[[ Records for the task, beginning ]]
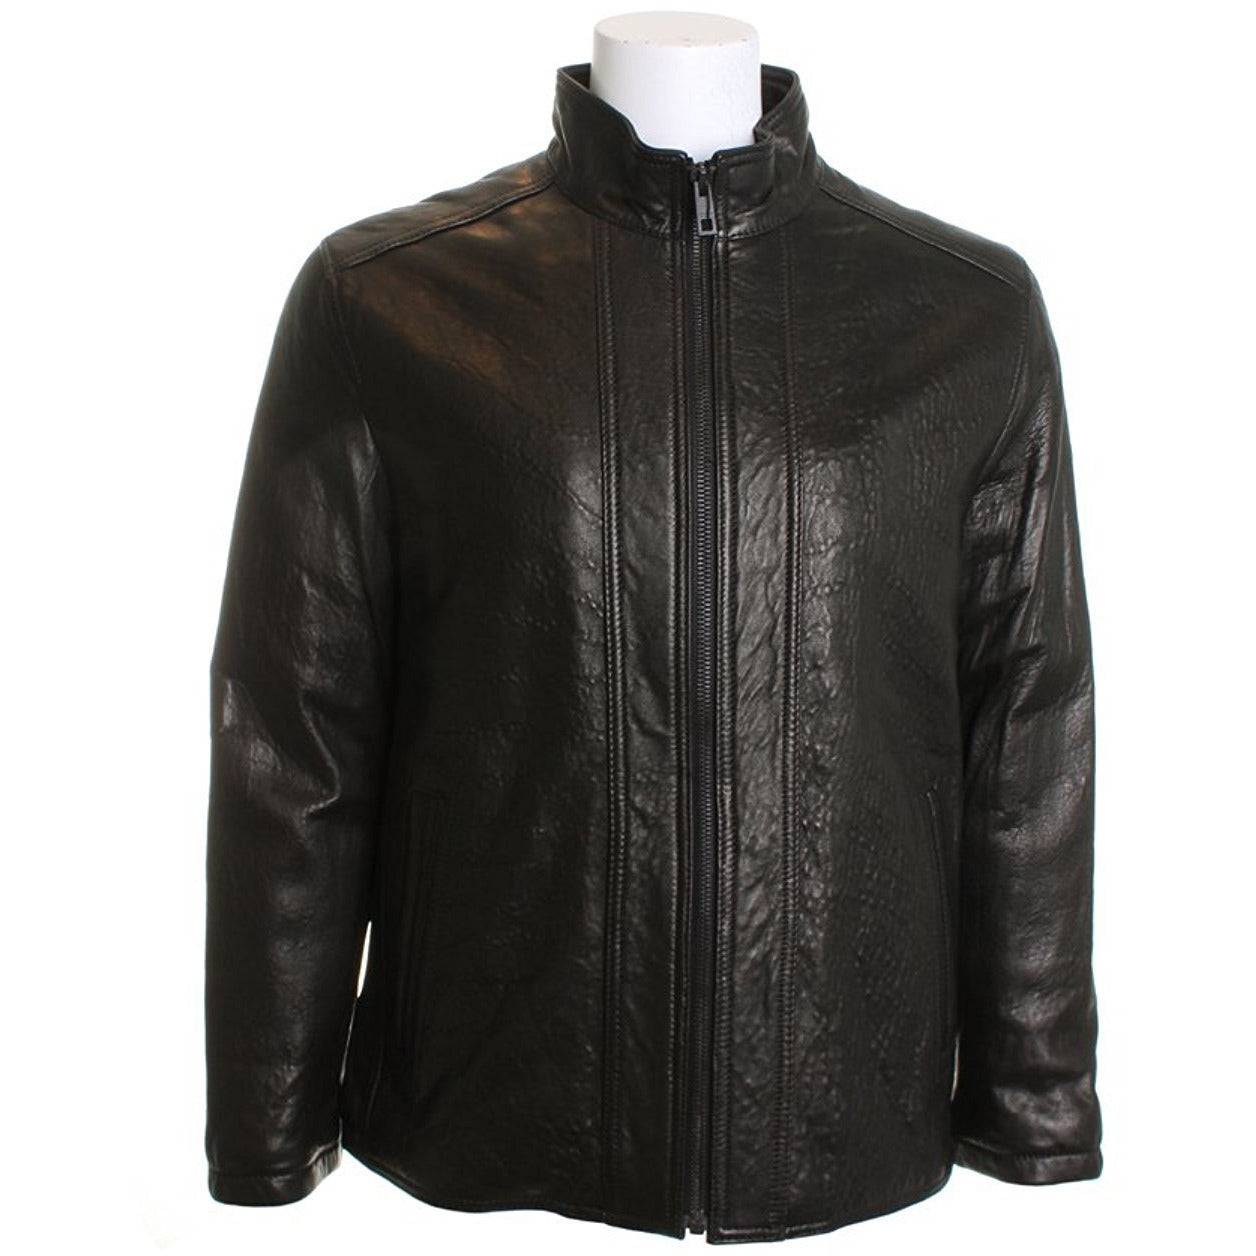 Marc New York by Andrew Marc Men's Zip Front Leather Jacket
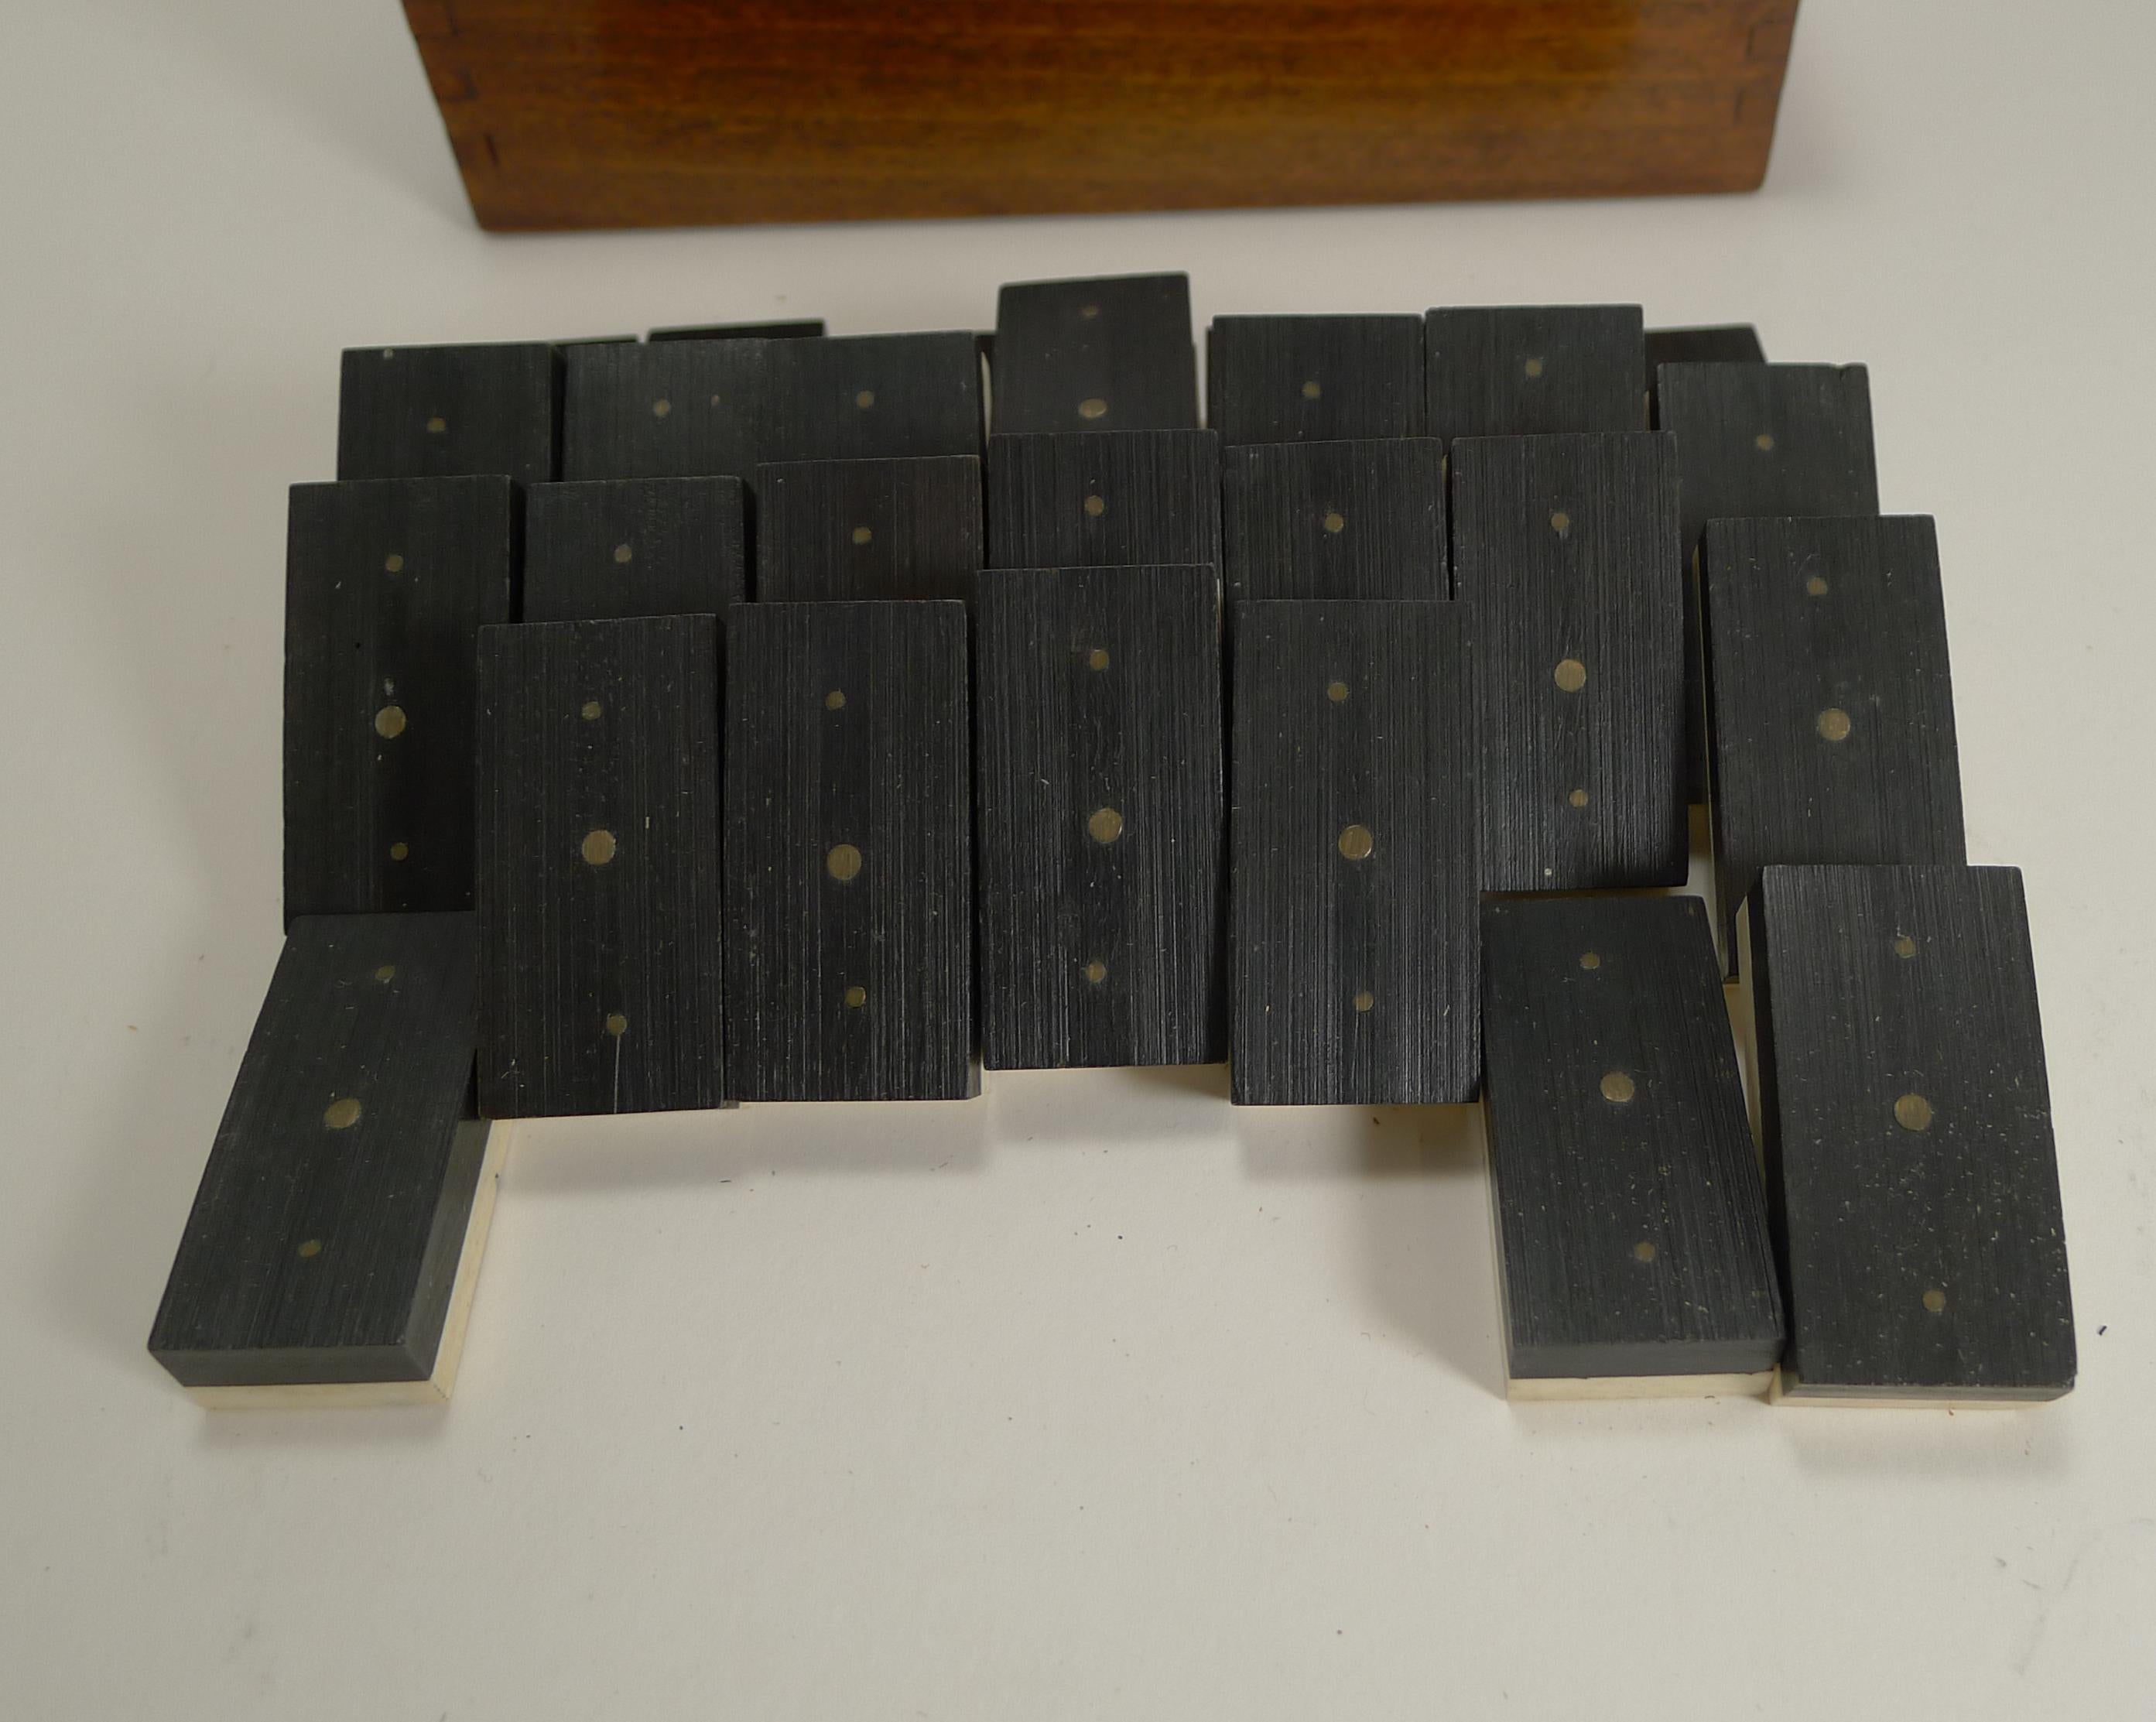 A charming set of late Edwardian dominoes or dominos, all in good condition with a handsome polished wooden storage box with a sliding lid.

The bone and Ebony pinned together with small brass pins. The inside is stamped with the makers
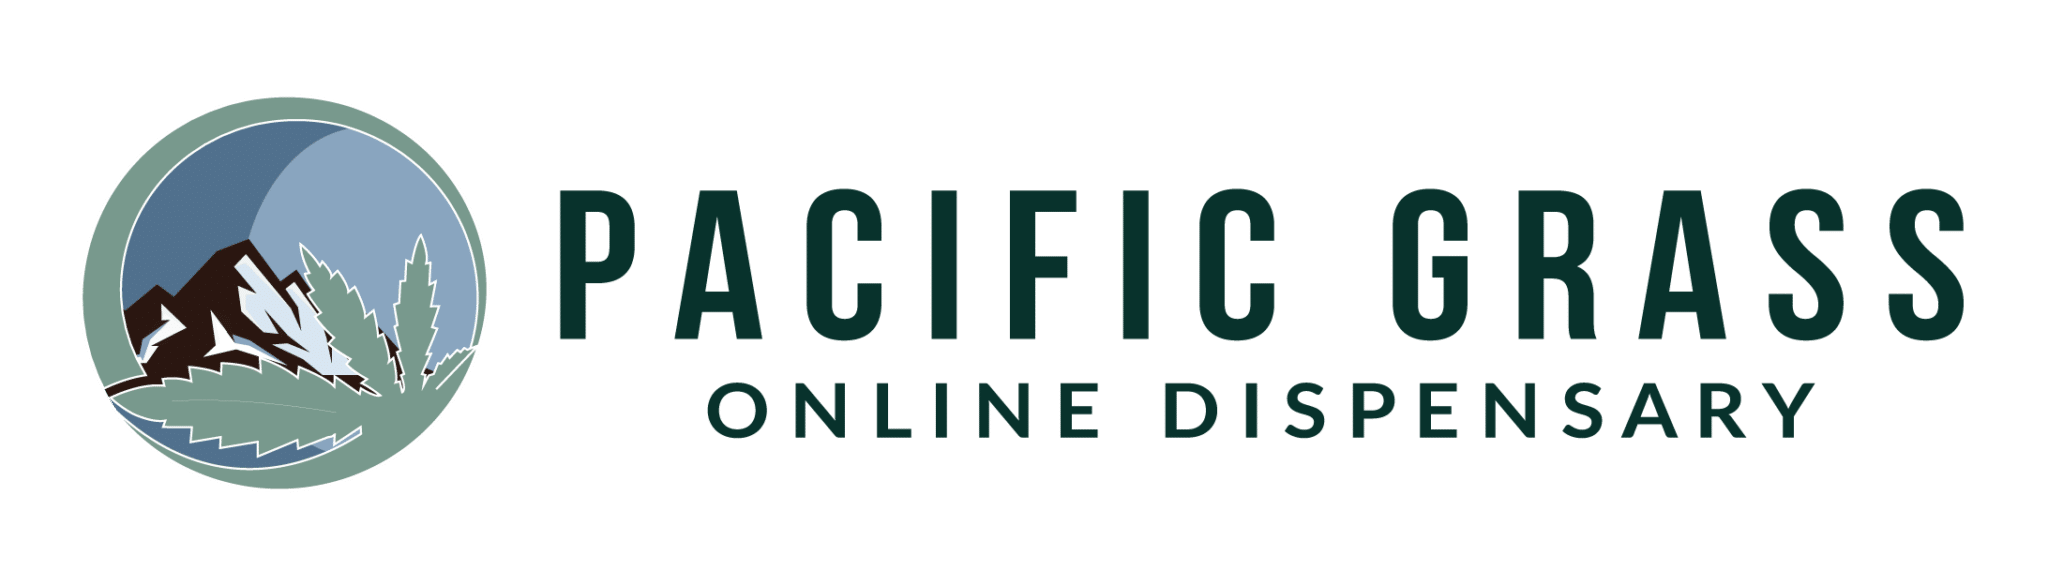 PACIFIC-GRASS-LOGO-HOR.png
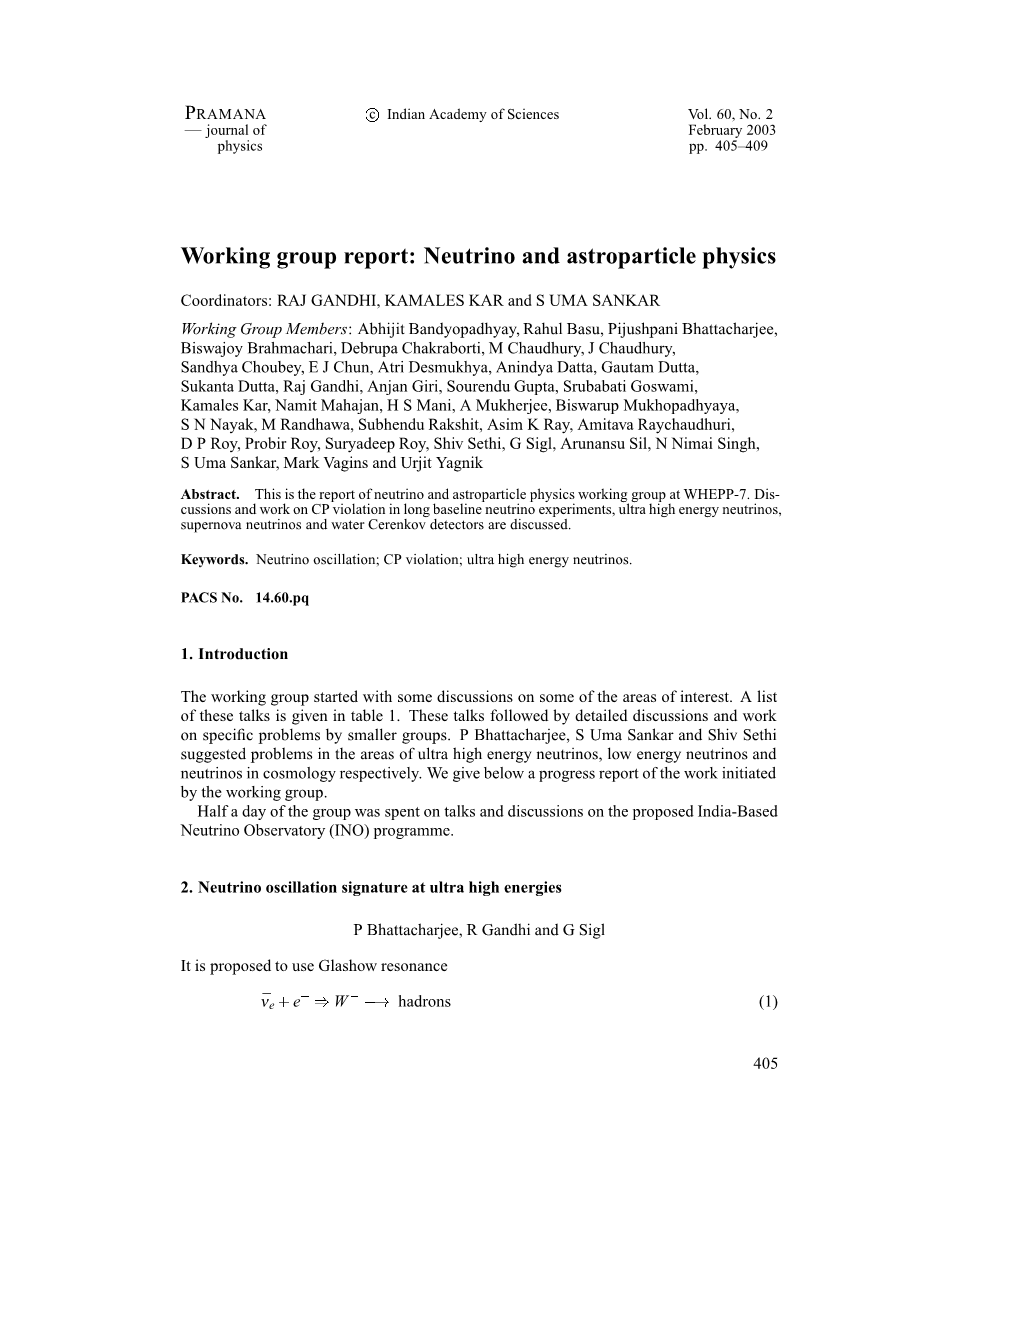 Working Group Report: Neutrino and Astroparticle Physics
[[ Records for the task, end ]]
Every entry must be transcribed exactly. Pictures do not belong in the copy.

**Reply**
 Marc New York by Andrew Marc Men's Zip Front Leather Jacket
 A charming set of late Edwardian dominoes or dominos, all in good condition with a handsome polished wooden storage box with a sliding lid.

The bone and Ebony pinned together with small brass pins. The inside is stamped with the makers
 PACIFIC-GRASS-LOGO-HOR.png
 Working Group Report: Neutrino and Astroparticle Physics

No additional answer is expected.